**The task:** The listing below must be returned in full and unchanged, without the images it carries.

**Data provided:**
----------------------------------------
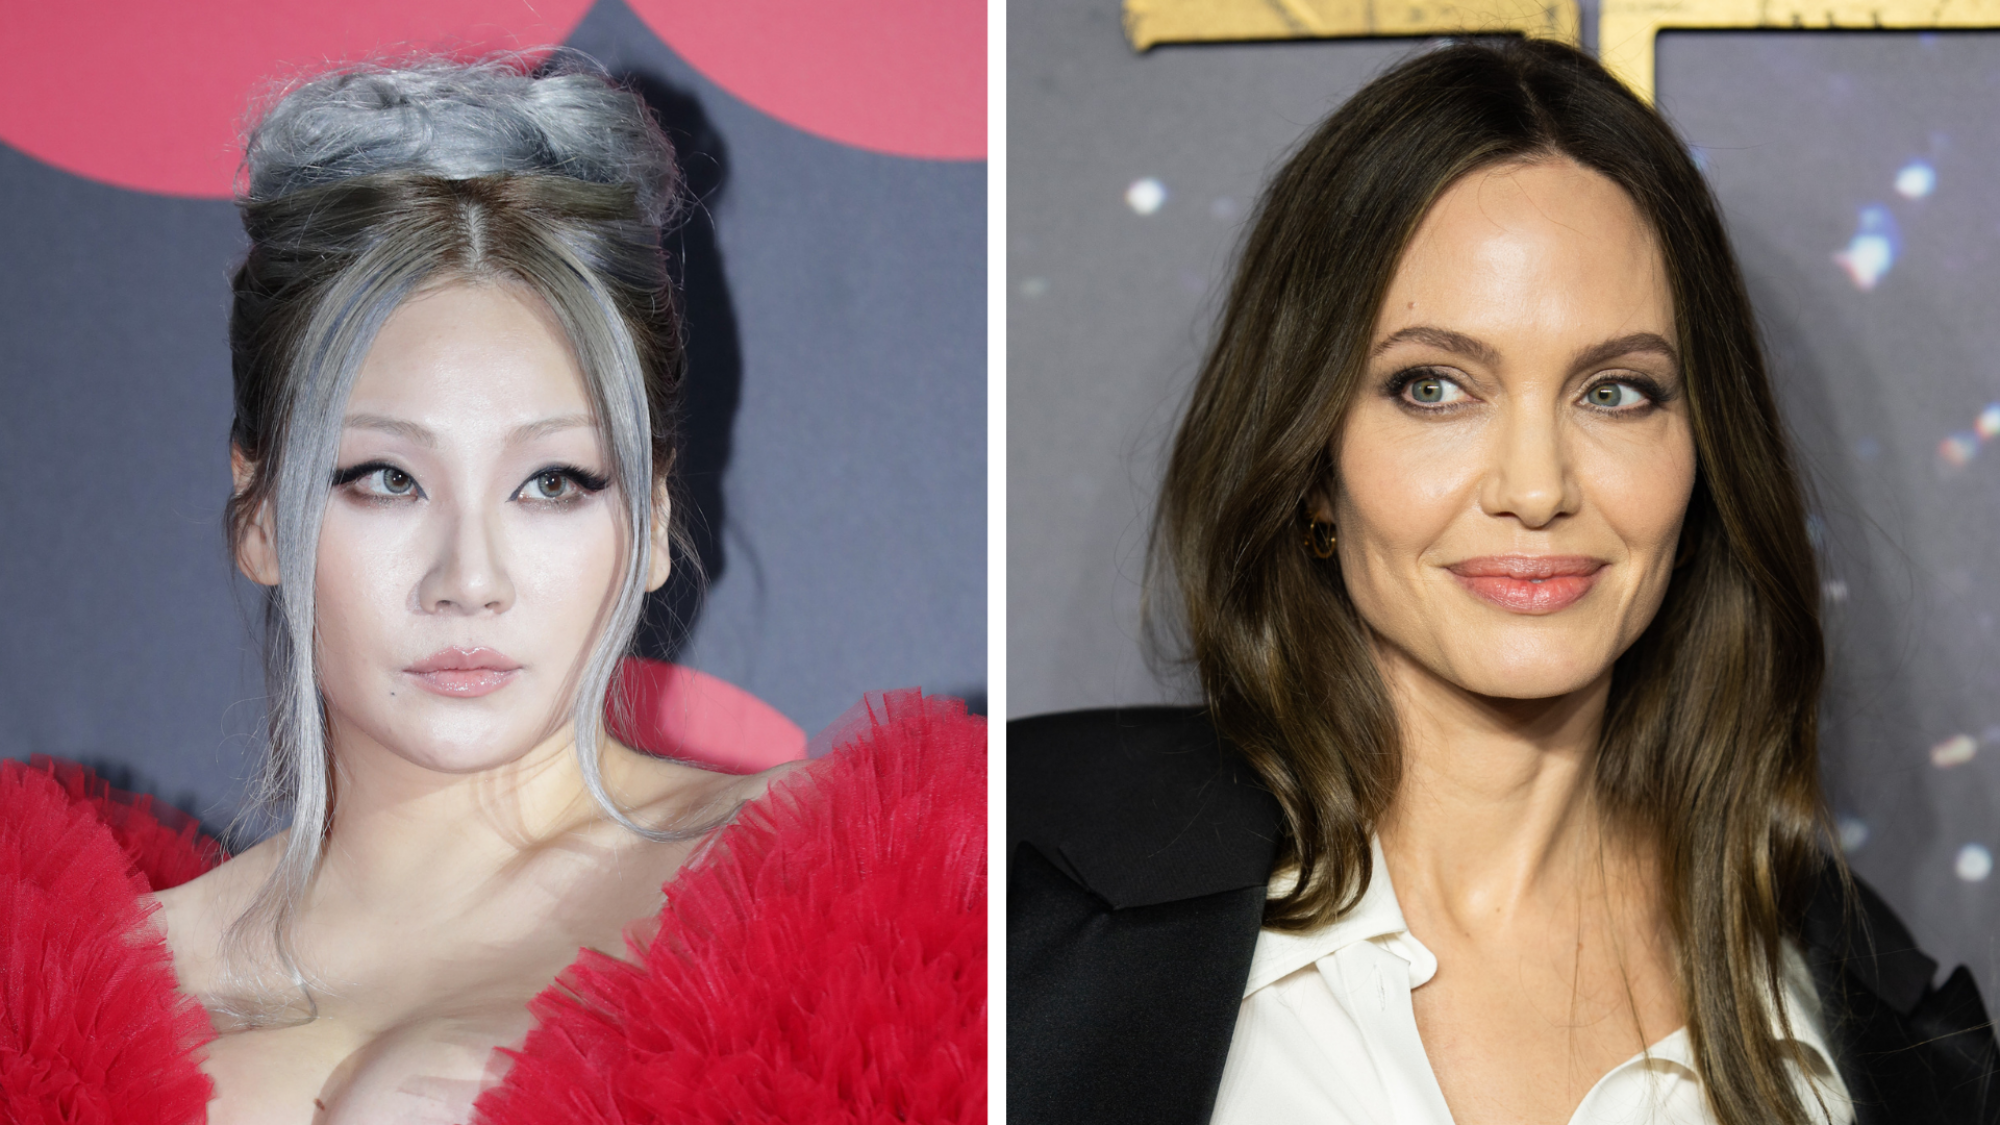 Two photos: CL on the left, Angelina Jolie on the right.
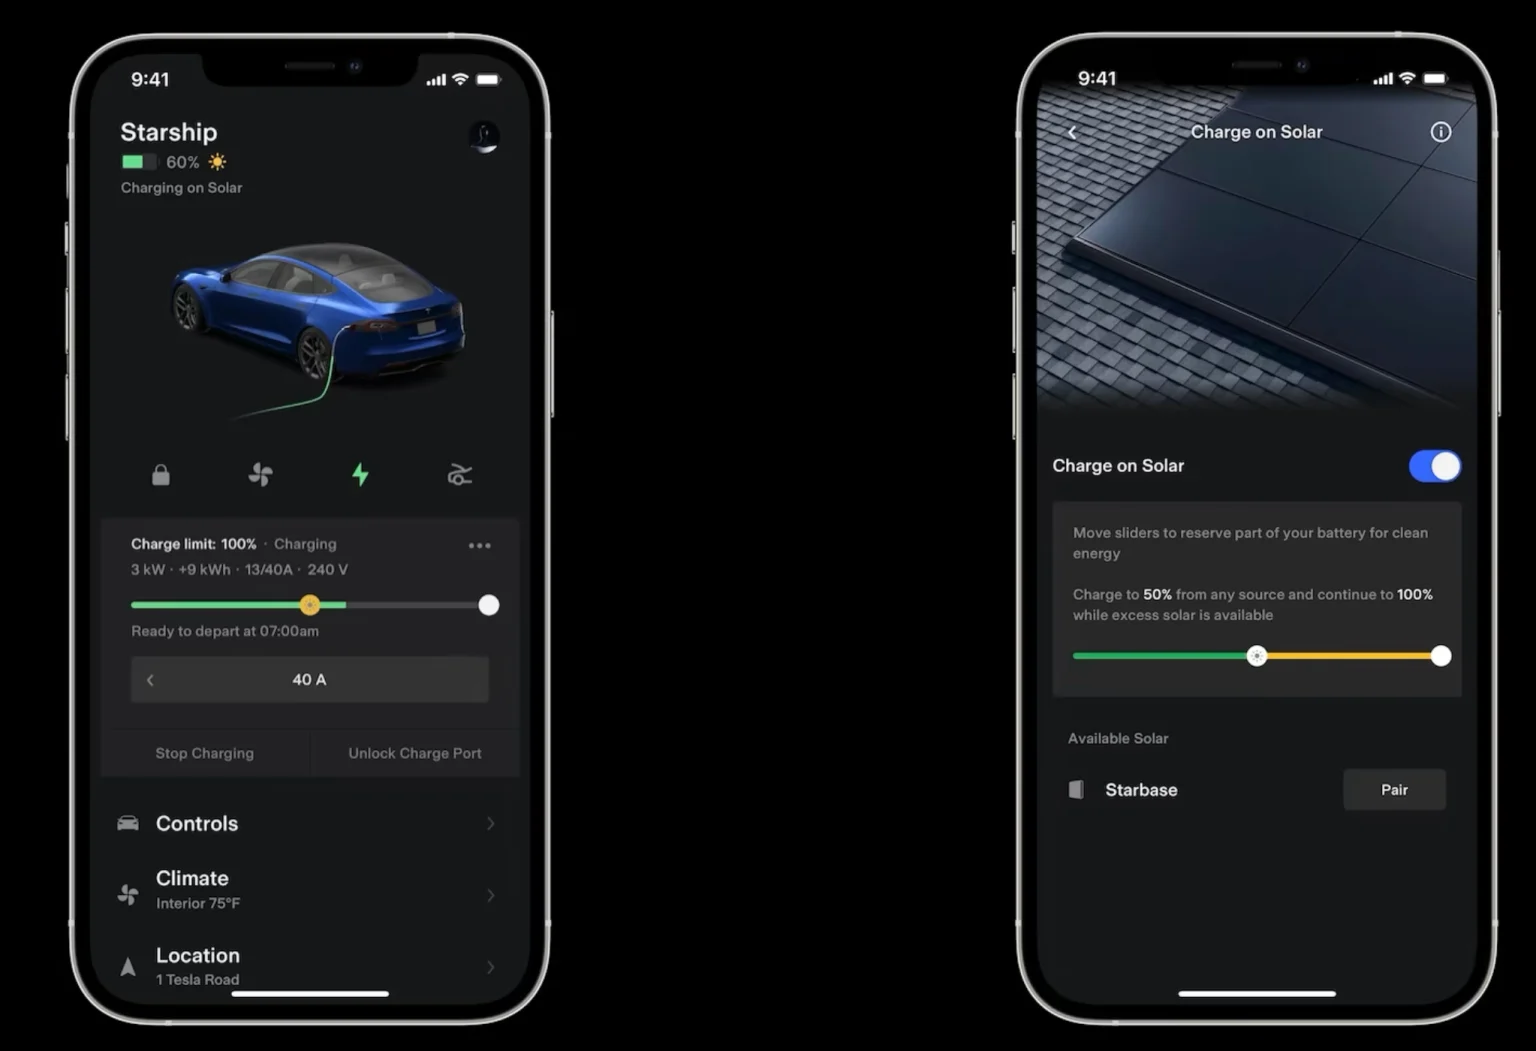 Screenshots of Tesla's new Charge on Solar feature.
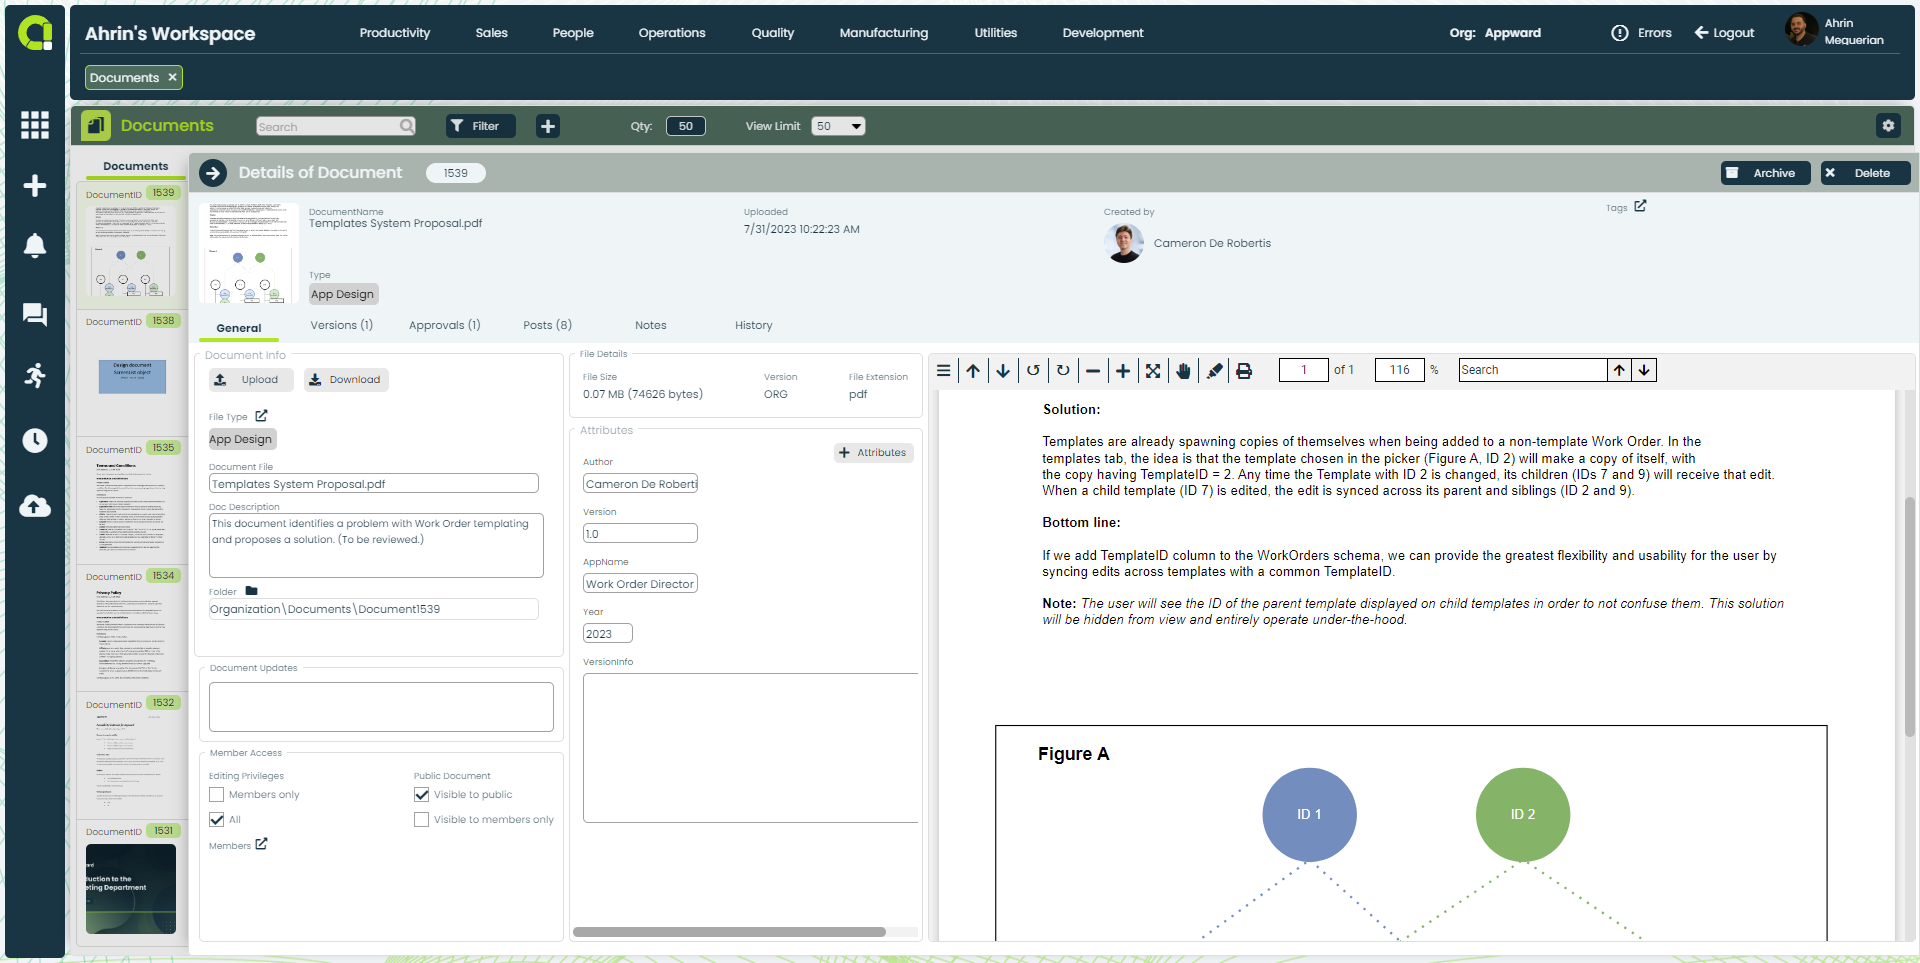 Appward Agile Project Management Software Centralized Document Control System
----------------------------------------
**Exercise result:**
 Two photos: CL on the left, Angelina Jolie on the right.
 Screenshots of Tesla's new Charge on Solar feature.
 Appward Agile Project Management Software Centralized Document Control System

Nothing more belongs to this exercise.